For this exercise, write out only the lines of the entries below from the one with "Louis Vuitton - Authenticated" up to and including the one with "Assorbenti Lady Normali", exactly as they are. Pictures stay out.

RAW DATA:
↓↓↓
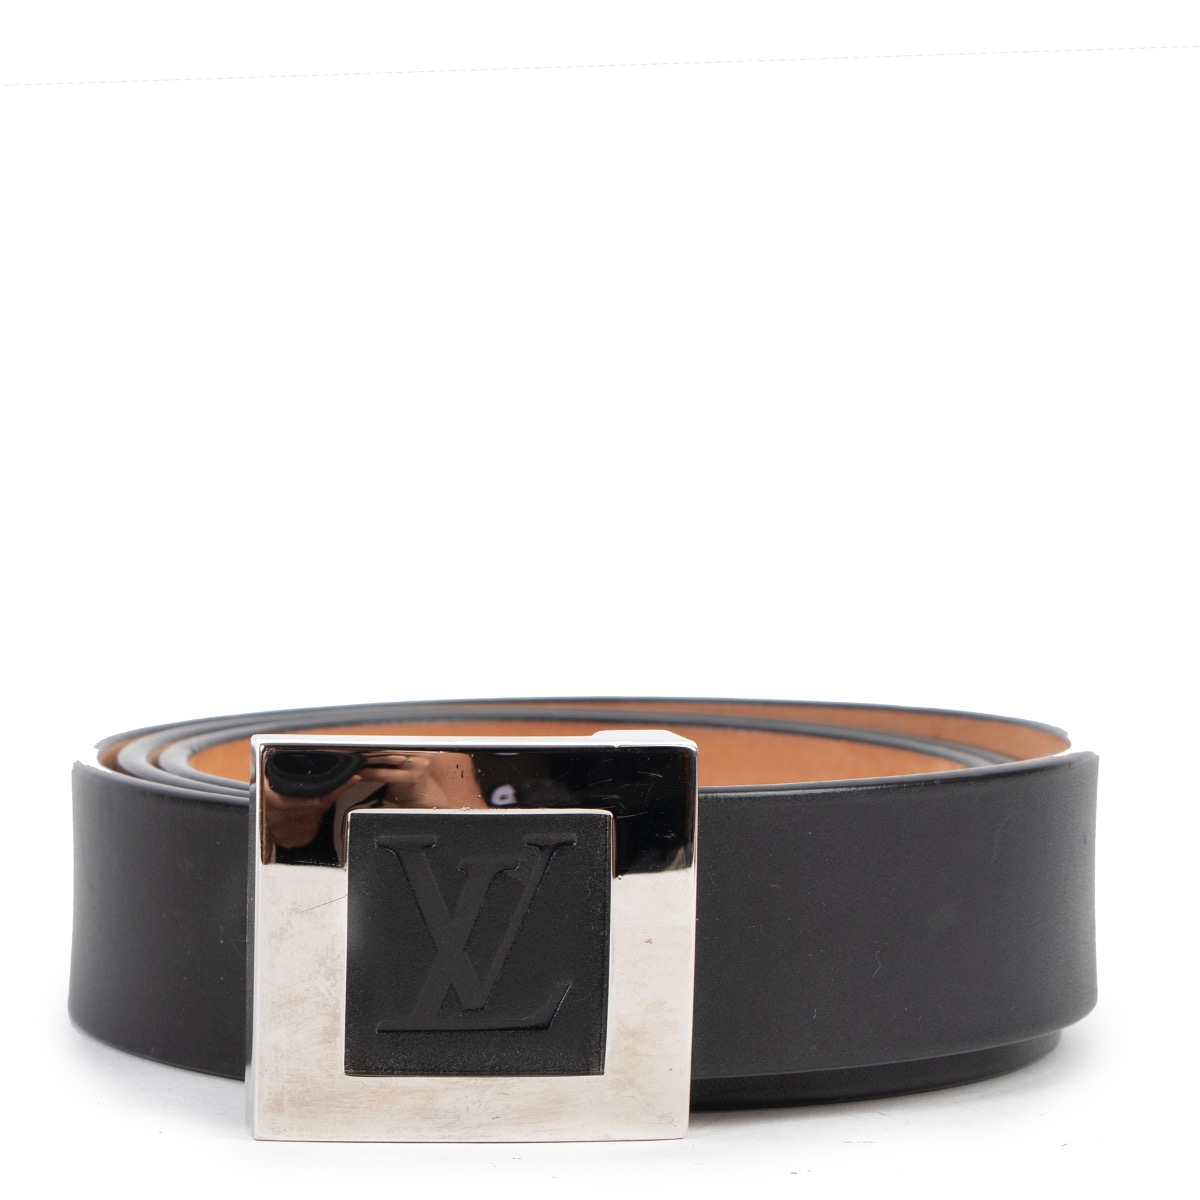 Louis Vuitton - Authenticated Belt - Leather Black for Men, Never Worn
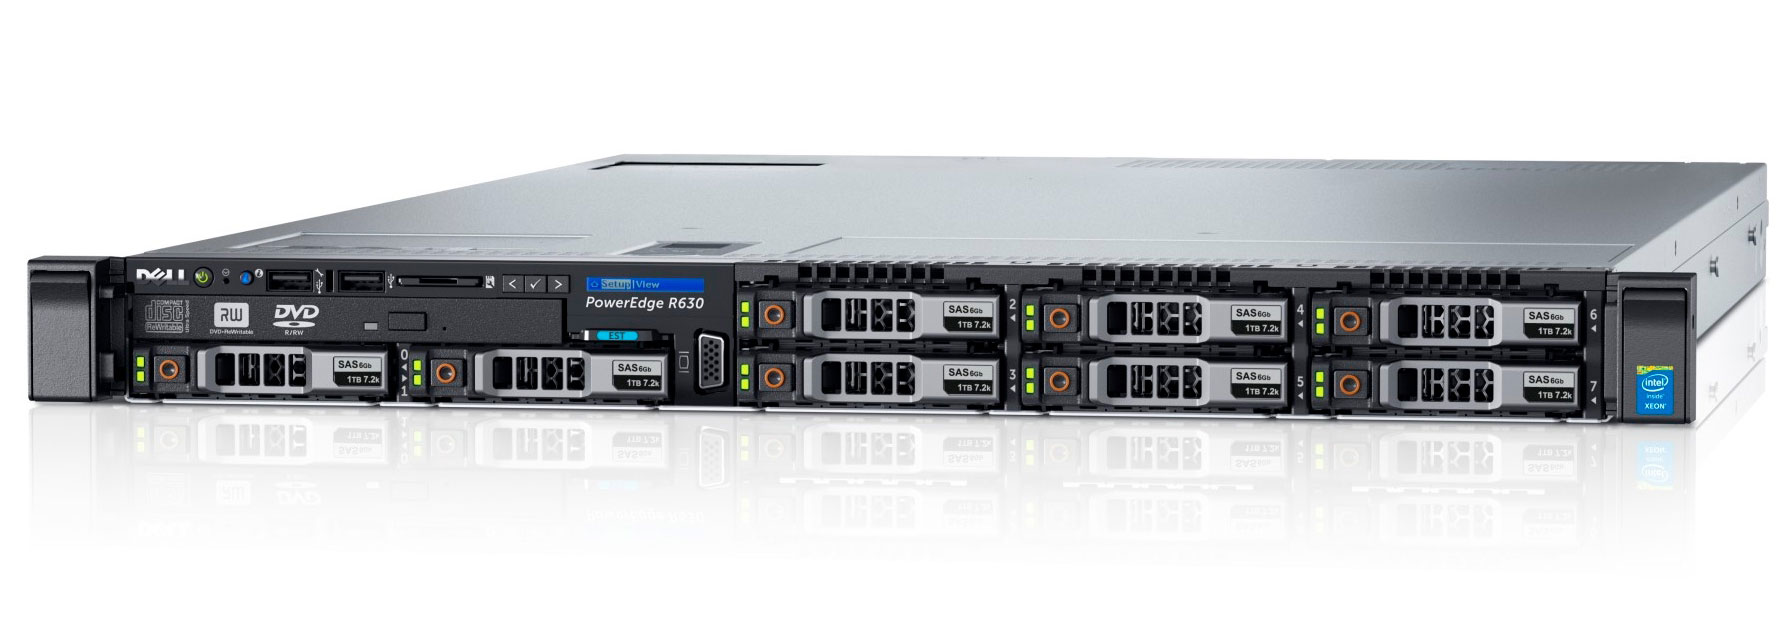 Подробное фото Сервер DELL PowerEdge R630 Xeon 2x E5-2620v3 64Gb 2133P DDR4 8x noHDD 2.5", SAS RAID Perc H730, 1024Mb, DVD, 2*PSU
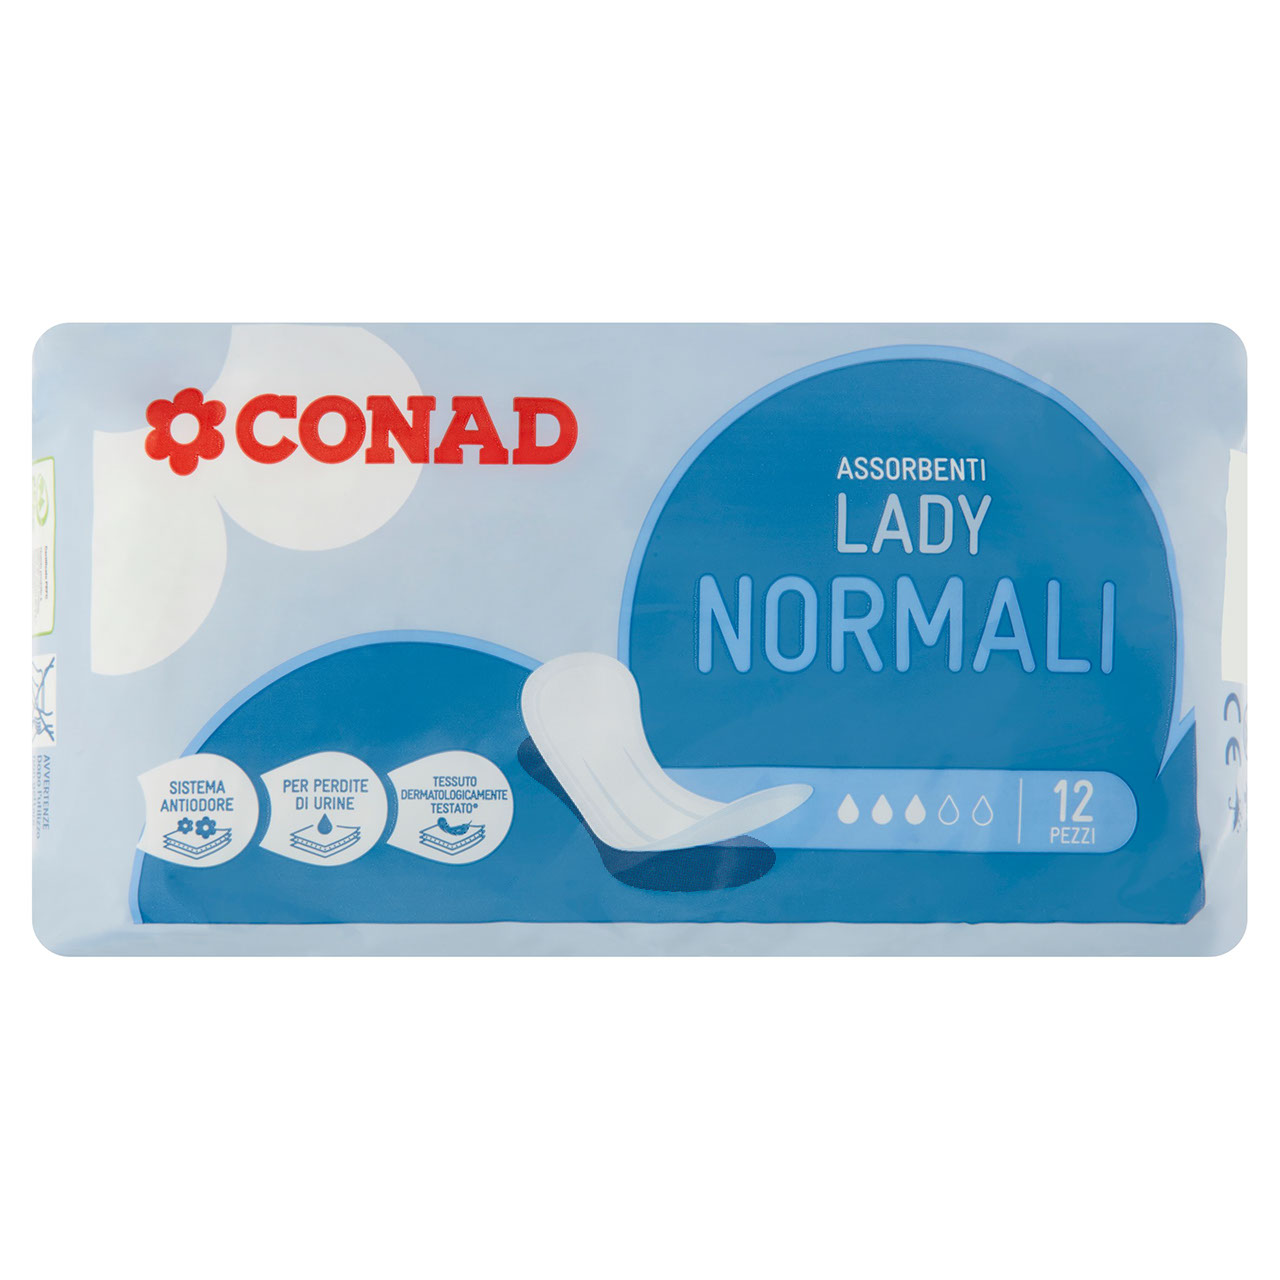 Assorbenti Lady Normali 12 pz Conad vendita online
↑↑↑
↓↓↓
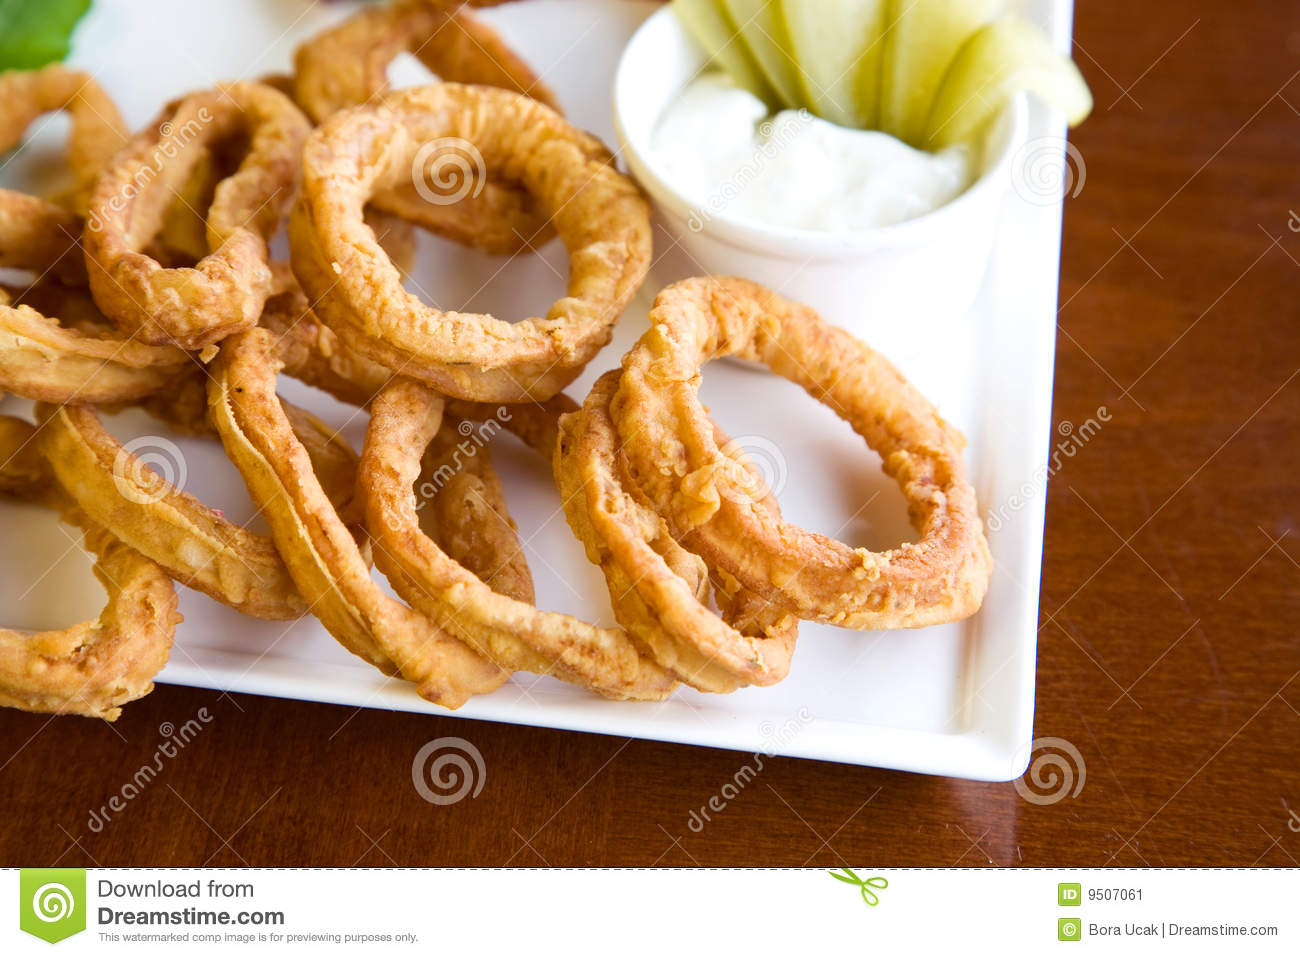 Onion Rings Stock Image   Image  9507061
↑↑↑
RESPONSE BELOW:
 Louis Vuitton - Authenticated Belt - Leather Black for Men, Never Worn
 Подробное фото Сервер DELL PowerEdge R630 Xeon 2x E5-2620v3 64Gb 2133P DDR4 8x noHDD 2.5", SAS RAID Perc H730, 1024Mb, DVD, 2*PSU
 Assorbenti Lady Normali 12 pz Conad vendita online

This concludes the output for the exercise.